Now, a team of researchers at Ruhr-Universität Bochum and the University of Duisburg-Essen have developed a new catalyst for the conversion of carbon dioxide.

The team’s research is outlined in the journal Angewandte Chemie.

CO2 can be converted into larger carbon compounds and then used as base chemicals for industry or as fuels.

Researchers are hoping to convert CO2 electrochemically with the aid of renewable energies. This could be used to create useful products and would also act as storage for the renewable energies.

Copper has already proven to be a promising catalyst in previous studies, but it must be in the form of a partially positively charged ion, which poses significant difficulties.

Under typical reaction conditions, copper is quickly converted from its positively charged form to its neutral state, which is unfavourable for the formation of products with more than two carbon atoms and thus deactivates the catalyst.

The team optimised pre-existing copper catalyst by modifying it with boron. They tested various copper-boron ratios and established the most optimal composition to favour the formation of compounds with more than two carbon atoms.

Their research indicated that the boron-copper catalyst can be operated at current densities that would be required on an industrial scale.

They implemented the system in the form of a gas diffusion electrode in which a solid catalyst catalyses the electrochemical reaction between the liquid and gaseous phases. It is vital that enough CO2 dissolves in the boundary between the gas and liquid phases. The team were able to achieve this by using a special binder.

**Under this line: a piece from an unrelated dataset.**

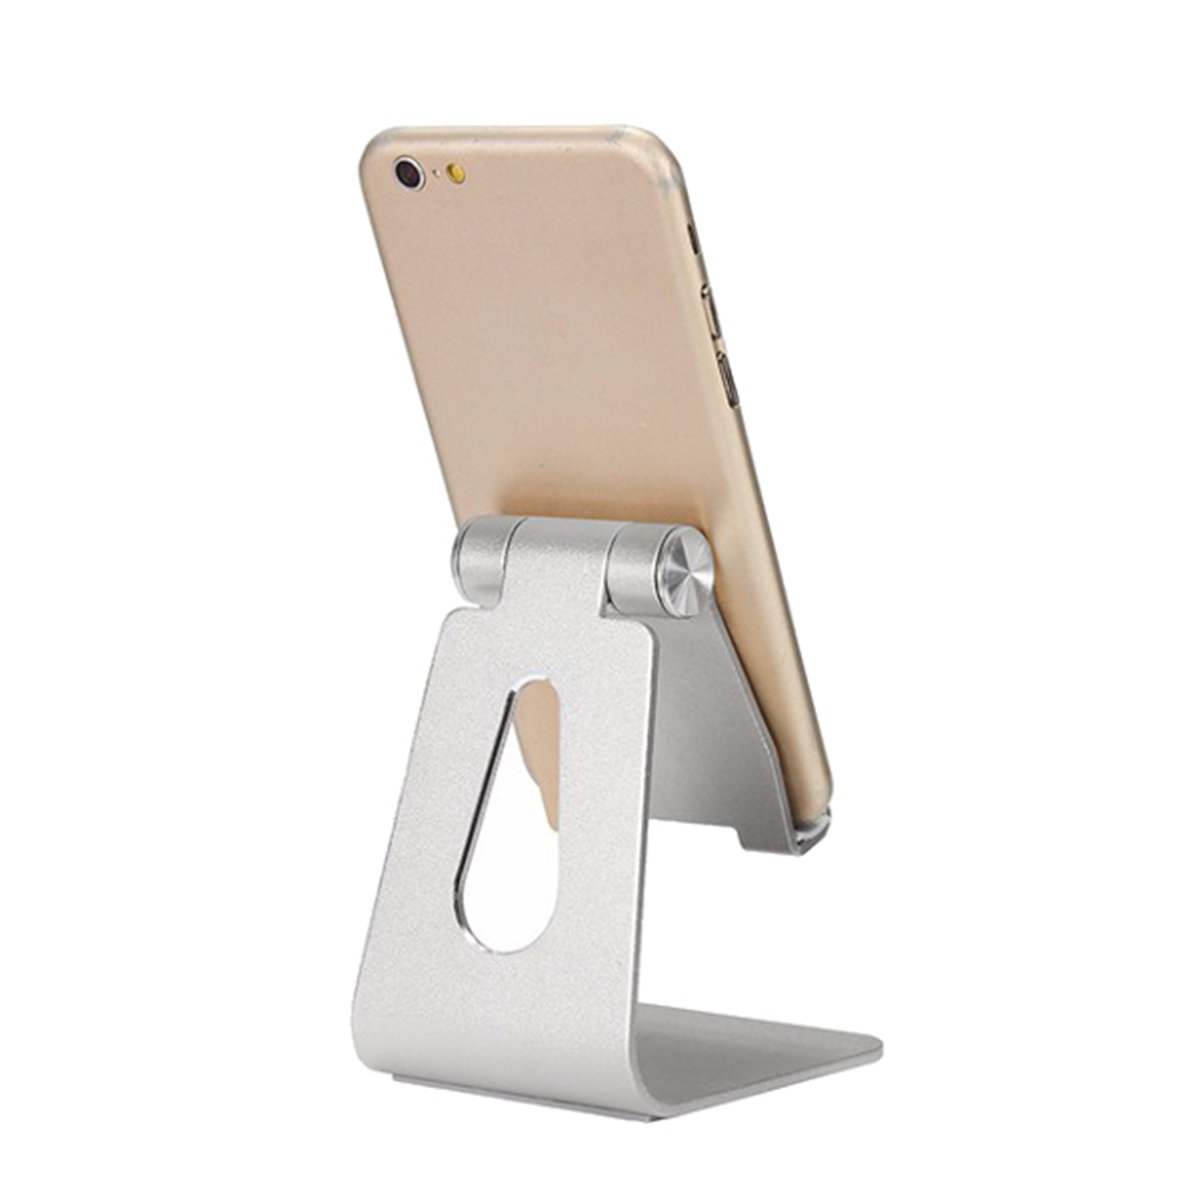 Aluminum Alloy Adjustable Anti-slip Desktop Stand Charging Holder for iPad Phone Tablet

Another challenge posed to the team was being able to keep the catalyst system stable for a long period of time. In order to solve this, they integrated a “sacrificial anode” made of zinc into the system. As zinc is a less noble metal than copper, it is corroded first, sparing the copper.

Wolfgang Schuhmann, of the Bochum Center for Electrochemistry, who co-led the team, explained: “The combination of a selective and active catalyst material in a gas diffusion electrode and the addition of the stabilising zinc is an important step towards the use of CO2 for the synthesis of base chemicals.”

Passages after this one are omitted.